Responsible Natural Person
FOR IMMEDIATE RELEASE
Contact:
Bradley Sharp
Development Specialists, Inc.
702-566-2440
AgriBioTech, Inc. Announces INTERIM BANKRUPTCY COURT ORDER AUTHORIZING
POST-PETITION FINANCING
HENDERSON, NV, March 3, 2000- AgriBioTech, Inc. ("ABT" or the
"Company") (NASDAQ National Market: ABTXQ) today announced the entry of an
interim Bankruptcy Court order authorizing the Company to enter into a Chapter
11 debtor-in-possession ("DIP") credit facility with its pre-bankruptcy lenders.
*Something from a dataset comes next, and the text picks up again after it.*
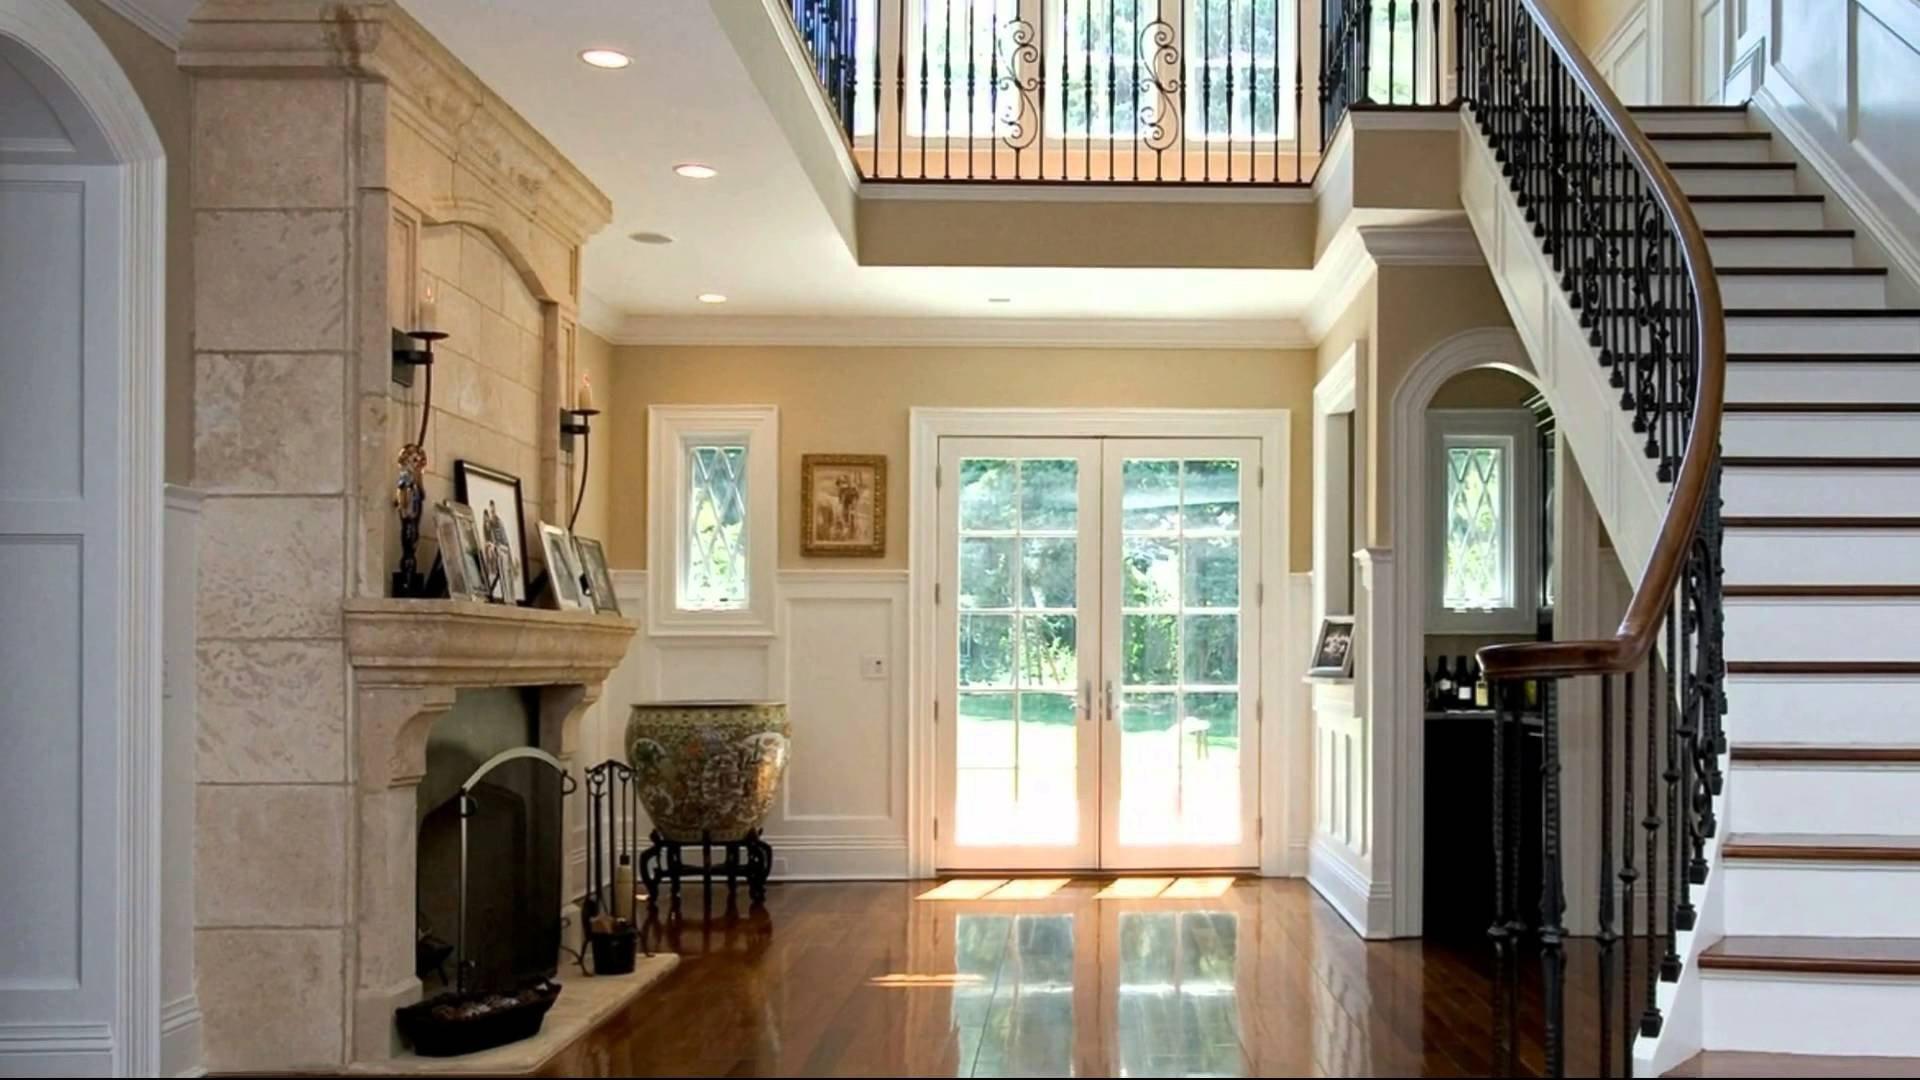 Entrance Decor Ideas for Home Lovely 10 Fabulous Ideas for Your Modern Entryway Decor

At an emergency hearing on February 24, 2000, the Bankruptcy Court on
an interim basis authorized the Company to enter into the DIP credit facility
with Bank of America, N.A., as agent, and Deutsche Financial Services
Corporation, as administrative agent, for the bank group. A final hearing, at
which the Bankruptcy Court is expected to consider approving the facility on a
permanent basis, has been scheduled for March 22, 2000. Under the Bankruptcy
Court's interim order, the Company may borrow only up to $23 million under the
credit facility until the facility is finally approved. The Company can give no
assurance that any final order of the Bankruptcy Court regarding the credit
facility can be obtained.
The Company has previously determined to attempt to sell its assets in
one or more going-concern sales. The Company is in the process of preparing a
bid solicitation package which will be disseminated to eligible parties
expressing an interest. "While we are confident that solicitation process will
help maximize the value of the Company's assets, at this stage it is impossible
to predict the level of interest among potential purchasers, and it remains
uncertain at best whether the liquidation proceeds will be sufficient to
generate any distribution to the Company's stockholders," said William J. Brandt
of DSI.
In papers filed with the Bankruptcy Court, representatives of the
Company advised the Bankruptcy Court that the DIP credit facility was needed to
provide the Company with the funding necessary to operate and maintain its
businesses and to pay critical expenses during the pendency of its Chapter 11
case. "The Company requires the DIP financing in order to fund the expenditures
which are critical to their on-going operations during the first few weeks of
its chapter 11 case. The Company is experiencing a cash flow crisis, and needs
the proposed DIP facility in order to make payroll and support its business
operations," stated Bradley Sharp, a principal of Development Specialists, Inc.,
a court-appointed reorganization consultant to the Company. Counsel for the
Company argued that, absent the funds to be advanced under the DIP credit
facility, the Company would have no way to continue to operate its businesses
and would have to shut its doors.
Before the commencement of the Company bankruptcy case, the bank group
had provided the Company with a $90 million revolving line of credit. Under the
DIP facility, the bank group is anticipated to provide the Company with a
post-petition revolving line of credit of up to $90 million similar to the
pre-petition revolving line of credit, as well as term loans in an amount equal
to the sum of $8.6 million in new funds plus certain other amounts. Amounts
outstanding under the term loans reduce the amount available under the revolving
line.
Under the DIP credit facility, the Company may request loans or
financial accommodations in the form of advances under the revolving line, term
loans or letters of credit according to a formula that provides for
"availability." Credit under the facility will be limited based on the amount of
the Company's outstanding indebtedness under the facility, outstanding accounts
receivable, and inventory and certain other factors as described in the DIP
credit facility agreement.
Repayment of the obligations for new advances under the DIP facility
effectively will be secured by all of the pre-petition and post-petition assets
of the Company. The Company's "existing" debt under the pre-petition credit
facility will continue to be secured by the same collateral covered under the
bank group's pre-petition loan and security agreement and the proceeds of such
collateral.
The Company expects to make term loan borrowings of $13 million under
the DIP credit facility. Of this amount, approximately $3.6 million is earmarked
to enable the Company to purchase seed to satisfy certain inventory purchase
orders of Home Depot, a major customer. An additional $5 million will be used to
fund certain other business activities, including purchase of seed for blends
and mixes, freight costs, and quality testing, needed to move products to market
during the Company's critical shipping season. The balance of $4.4 million
represents cash collateral usage by the Company authorized to date.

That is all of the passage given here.